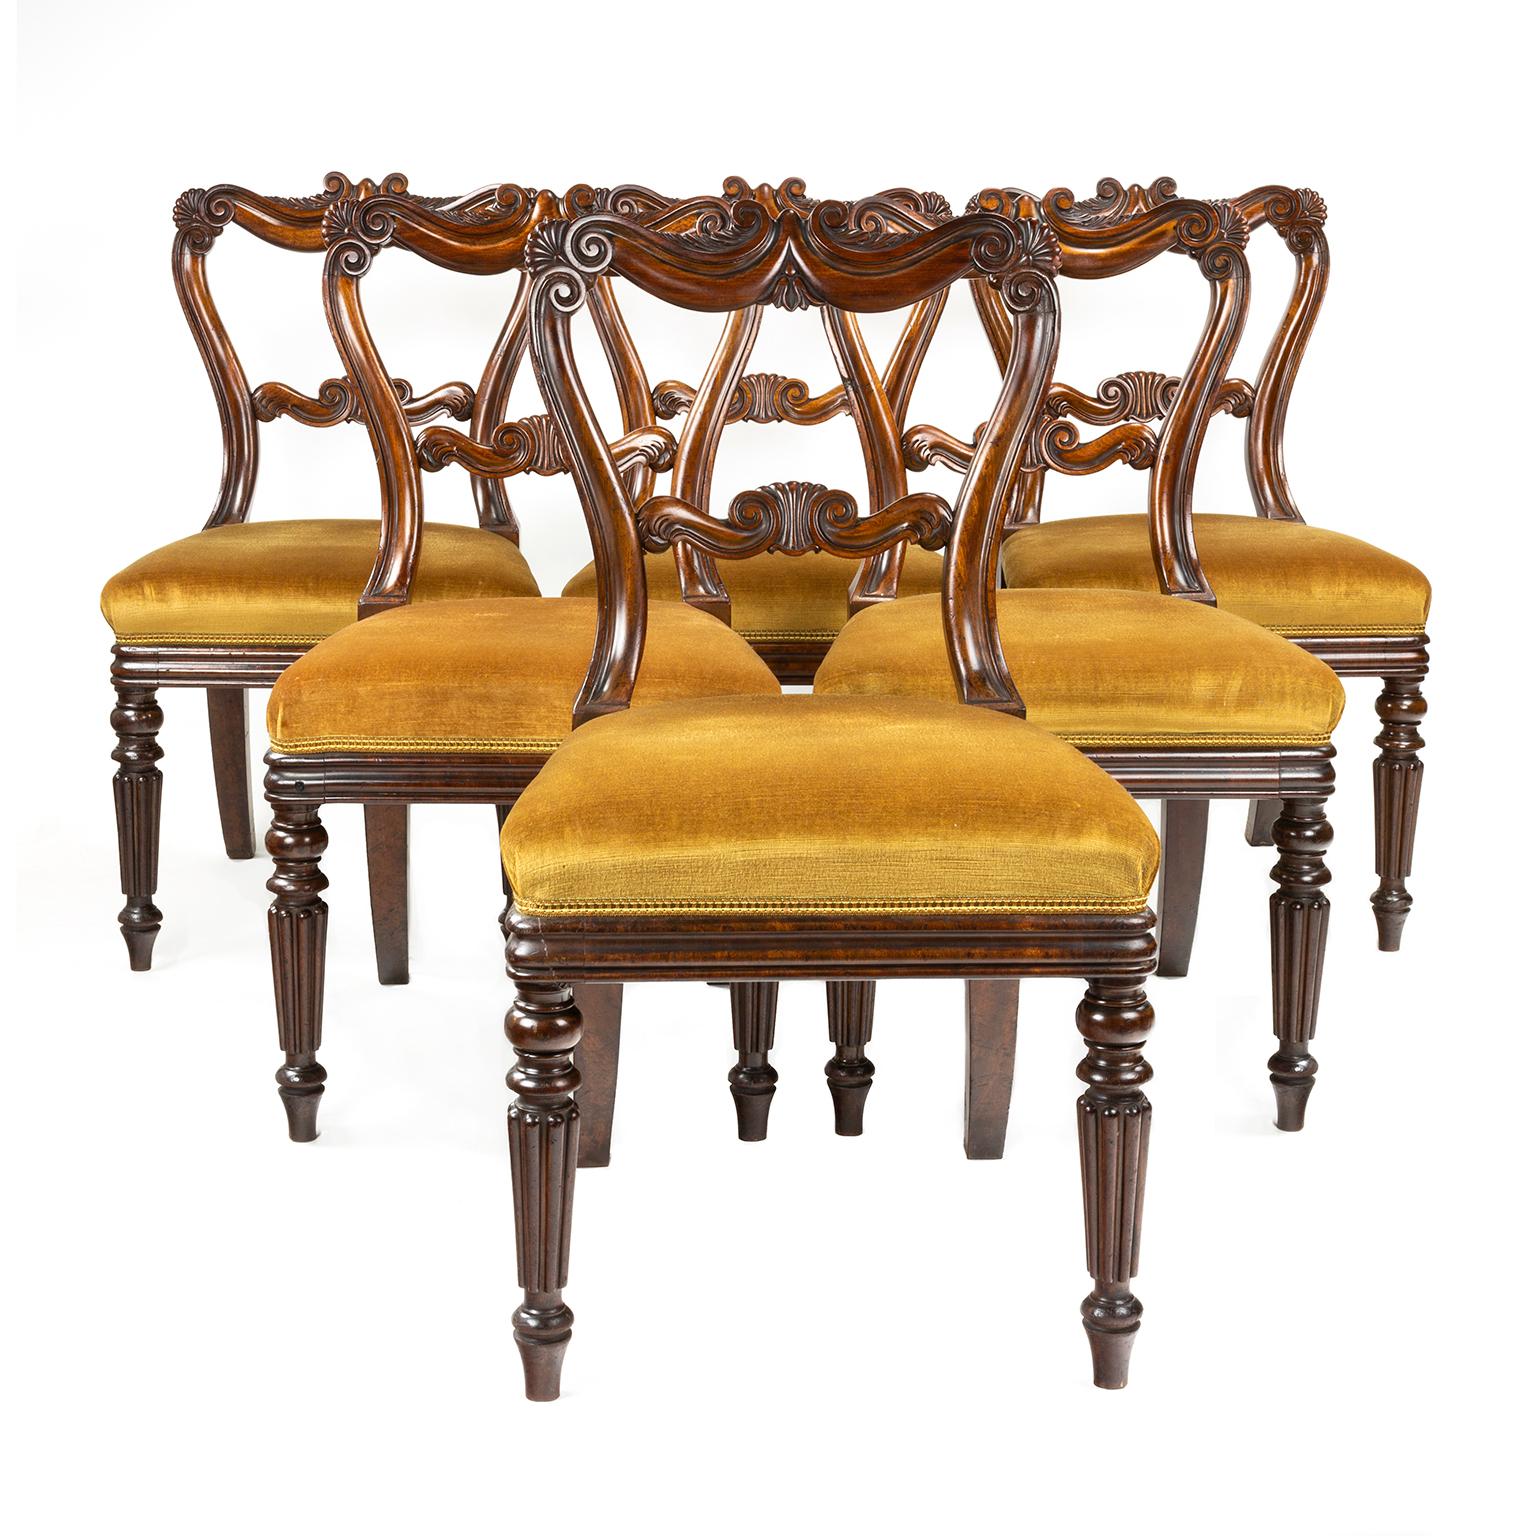 A fine set of six regency rosewood side or dining chairs by Gillow of Lancaster and London.

Gillows of Lancaster and London, also known as Gillow & Co., was an English furniture making firm based in Lancaster, Lancashire, and in London. It was
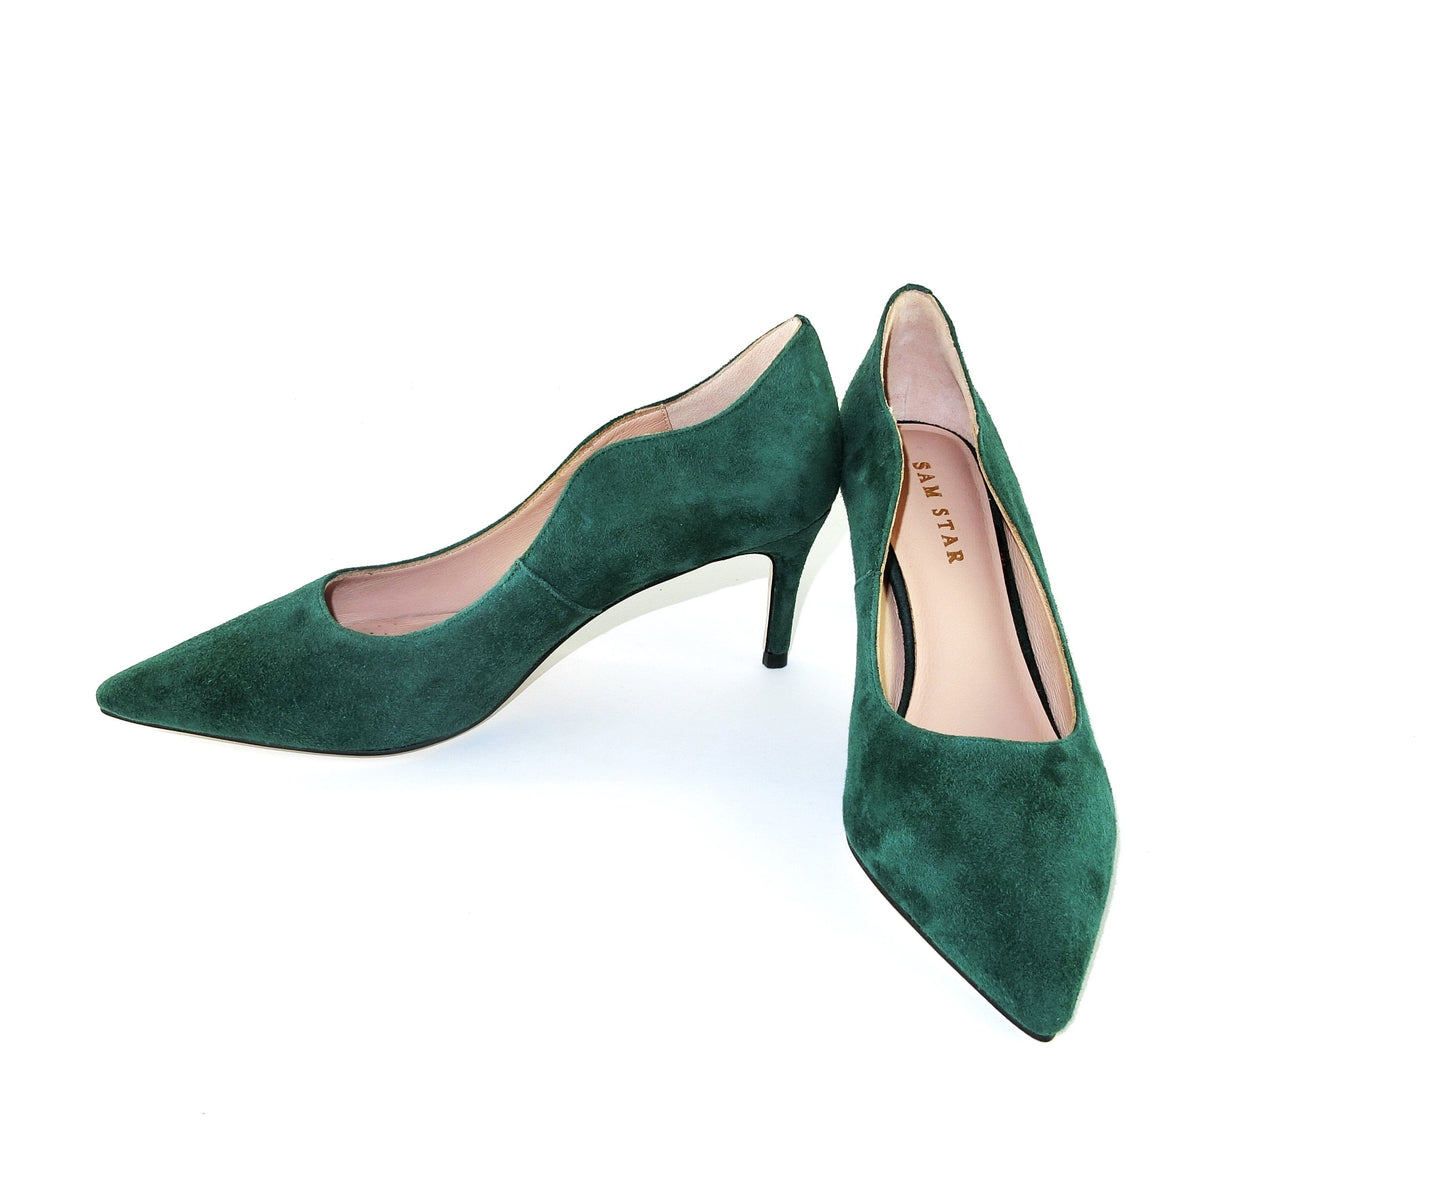 SS23007 Leather court shoes with curve design- Dark green ladies shoes Sam Star shoes Dark green 39/6 
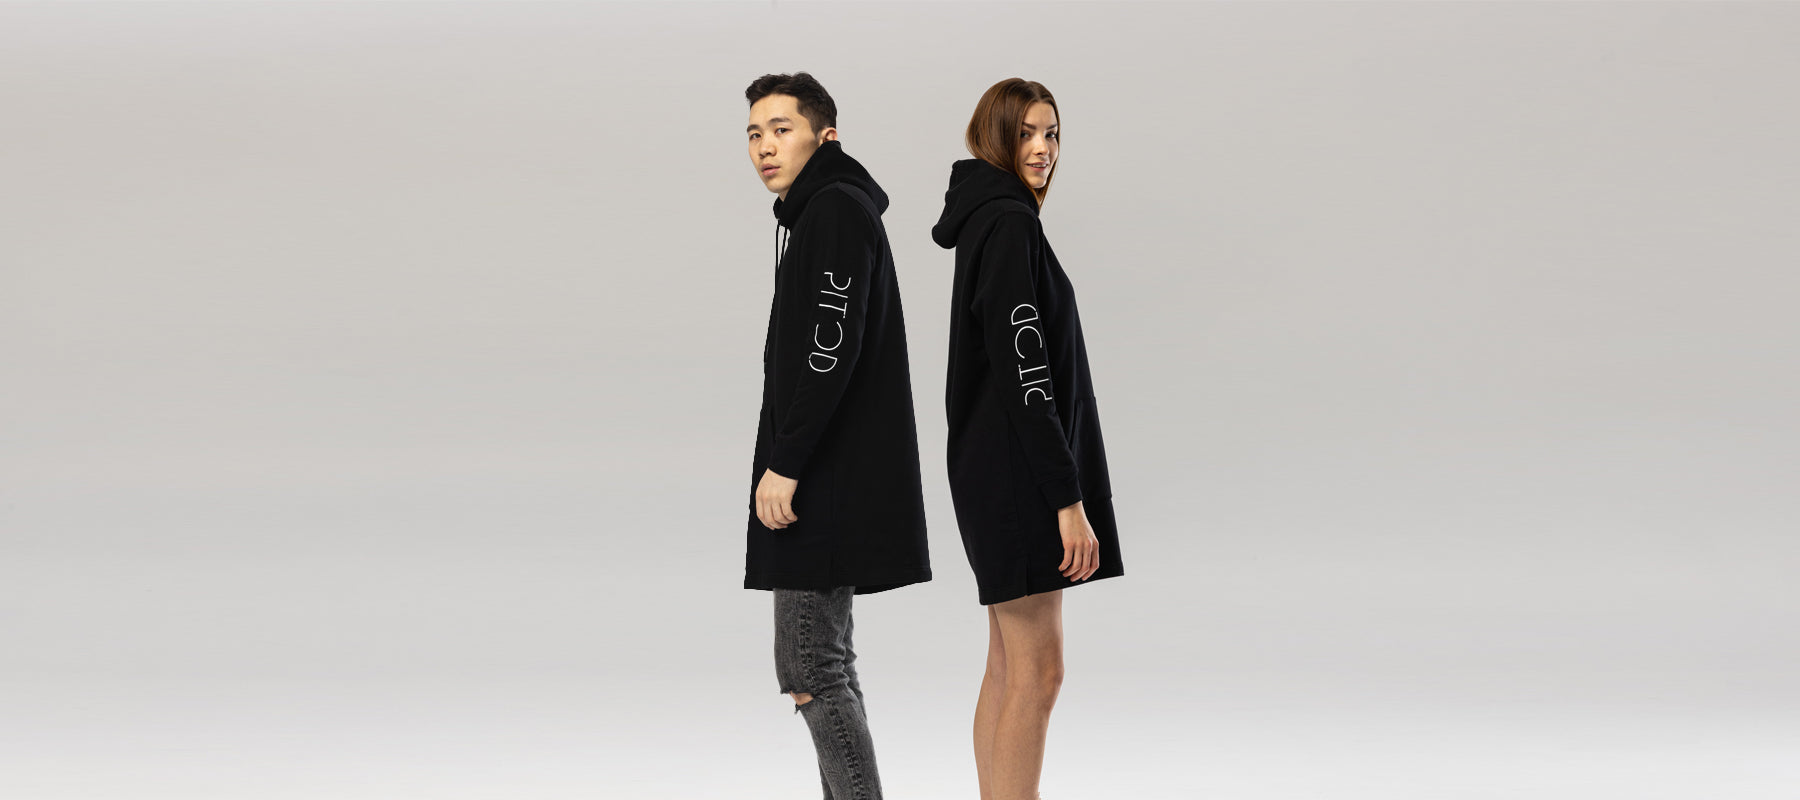 Pitod Black Hoodie Dress - Pitod Sustainable Genderless Ethical Fahion Brand

══════════════════════════════

Could you transcribe all of the data exactly, keeping every picture out of the copy?

 A fine set of six regency rosewood side or dining chairs by Gillow of Lancaster and London.

Gillows of Lancaster and London, also known as Gillow & Co., was an English furniture making firm based in Lancaster, Lancashire, and in London. It was
 SS23007 Leather court shoes with curve design- Dark green ladies shoes Sam Star shoes Dark green 39/6 
 Pitod Black Hoodie Dress - Pitod Sustainable Genderless Ethical Fahion Brand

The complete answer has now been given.